By analyzing existing cross correlation between Cardano and Tangerine Balanced Growth, you can compare the effects of market volatilities on Cardano and Tangerine Balanced and check how they will diversify away market risk if combined in the same portfolio for a given time horizon. You can also utilize pair trading strategies of matching a long position in Cardano with a short position of Tangerine Balanced.

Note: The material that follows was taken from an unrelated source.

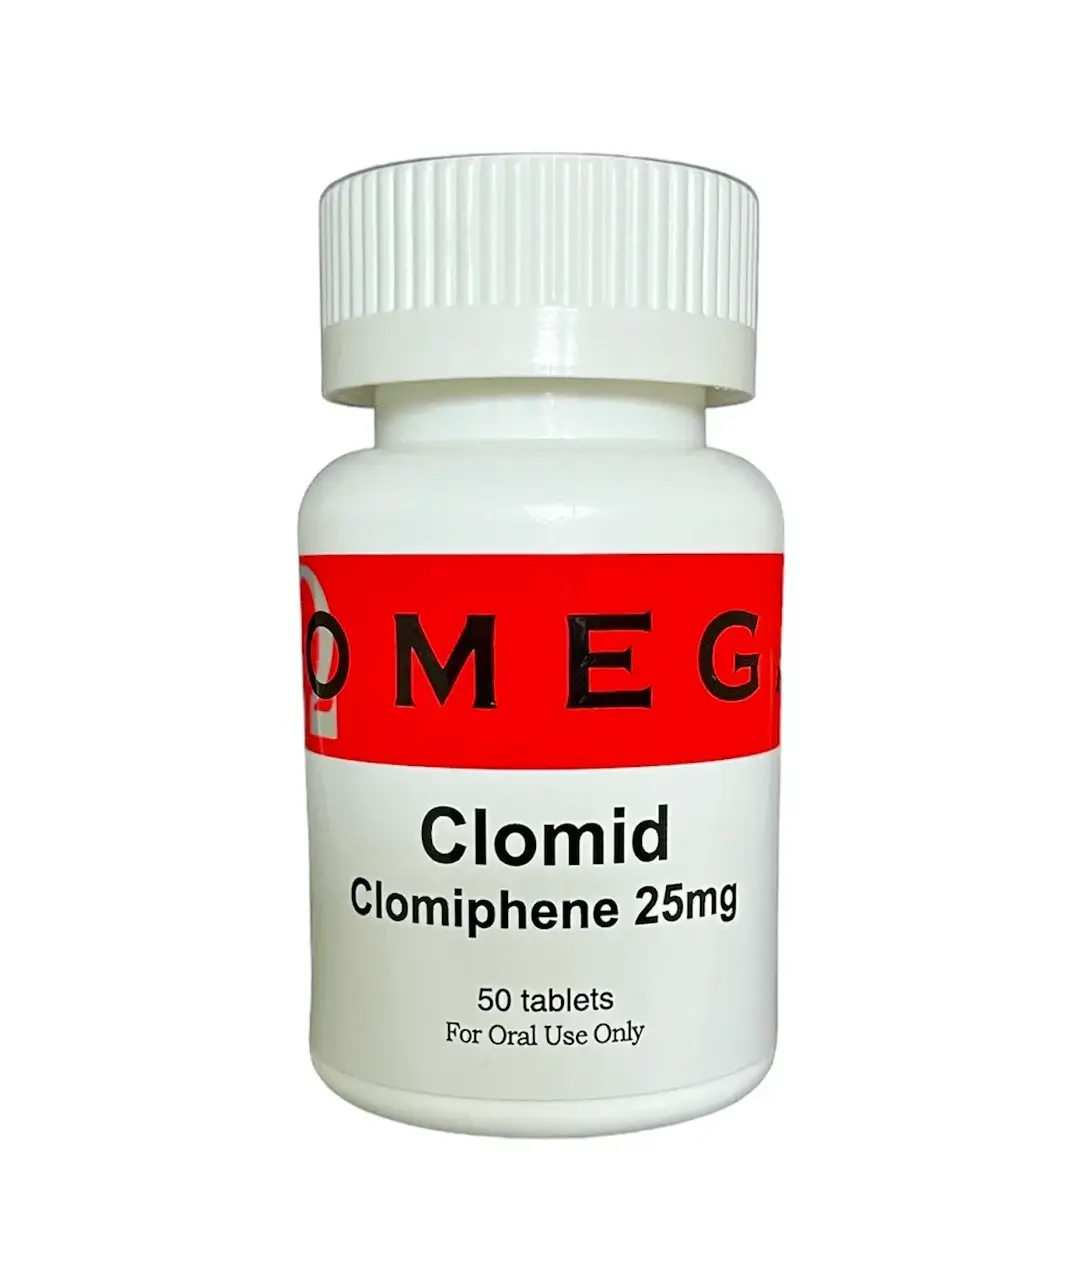 Clomid fertility and bodybuilding supplement bottle, Clomiphene Citrate for ovulation and performance enhancement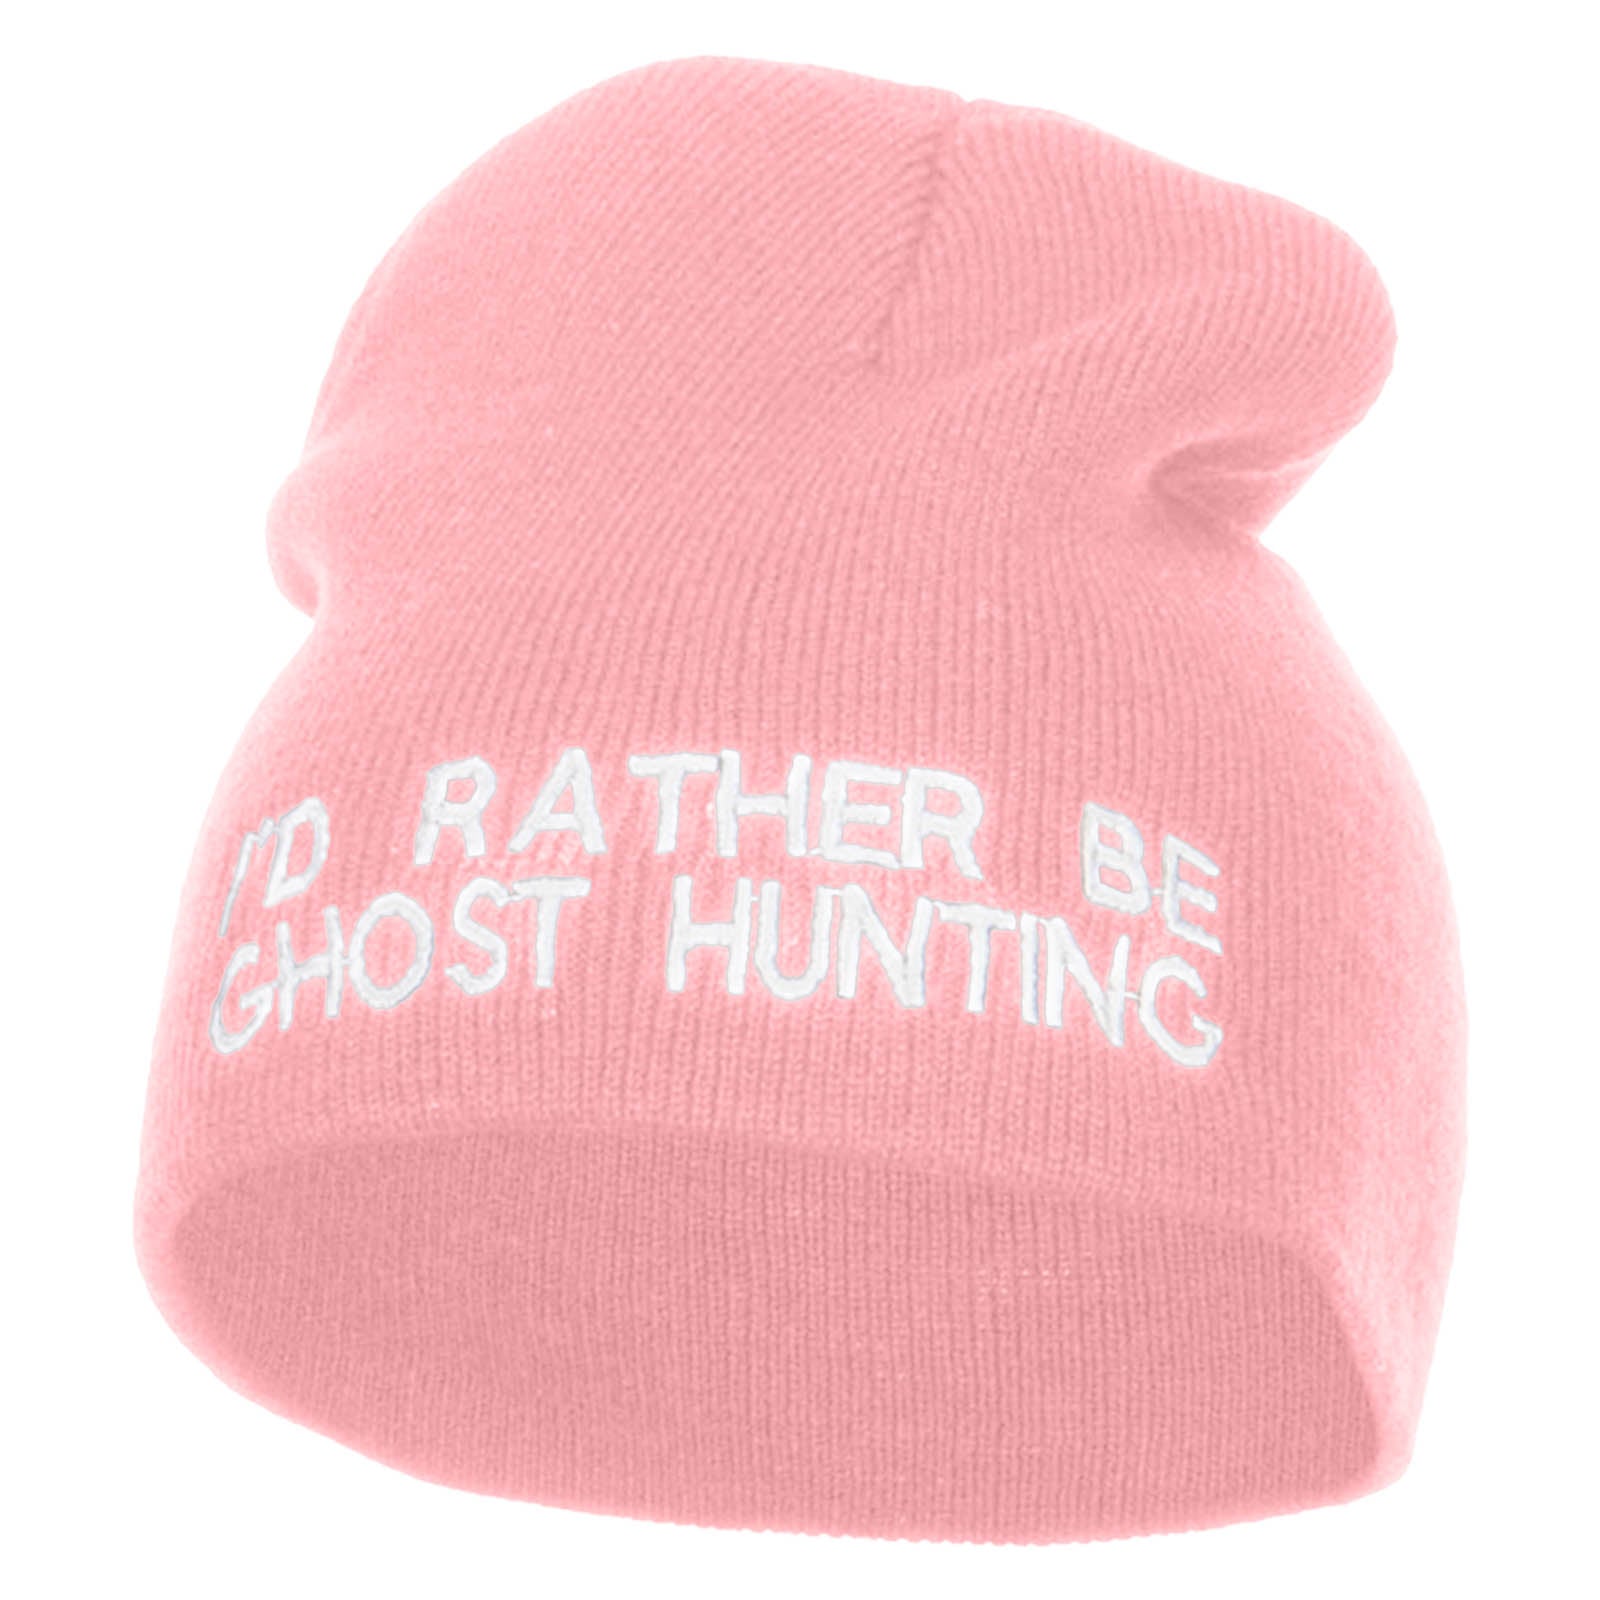 I&#039;d Rather Be Ghost Hunting Short Beanie - Pink OSFM

Check out your portfolio center. Please also check ongoing floating volatility patterns of Cardano and Tangerine Balanced.

Diversification Opportunities for Cardano and Tangerine Balanced

0.7
  Correlation Coefficient

Poor diversification

The 3 months correlation between Cardano and Tangerine is 0.7. Overlapping area represents the amount of risk that can be diversified away by holding Cardano and Tangerine Balanced Growth in the same portfolio, assuming nothing else is changed. The correlation between historical prices or returns on Tangerine Balanced Growth and Cardano is a relative statistical measure of the degree to which these equity instruments tend to move together. The correlation coefficient measures the extent to which returns on Cardano are associated (or correlated) with Tangerine Balanced. Values of the correlation coefficient range from -1 to +1, where. The correlation of zero (0) is possible when the price movement of Tangerine Balanced Growth has no effect on the direction of Cardano i.e., Cardano and Tangerine Balanced go up and down completely randomly.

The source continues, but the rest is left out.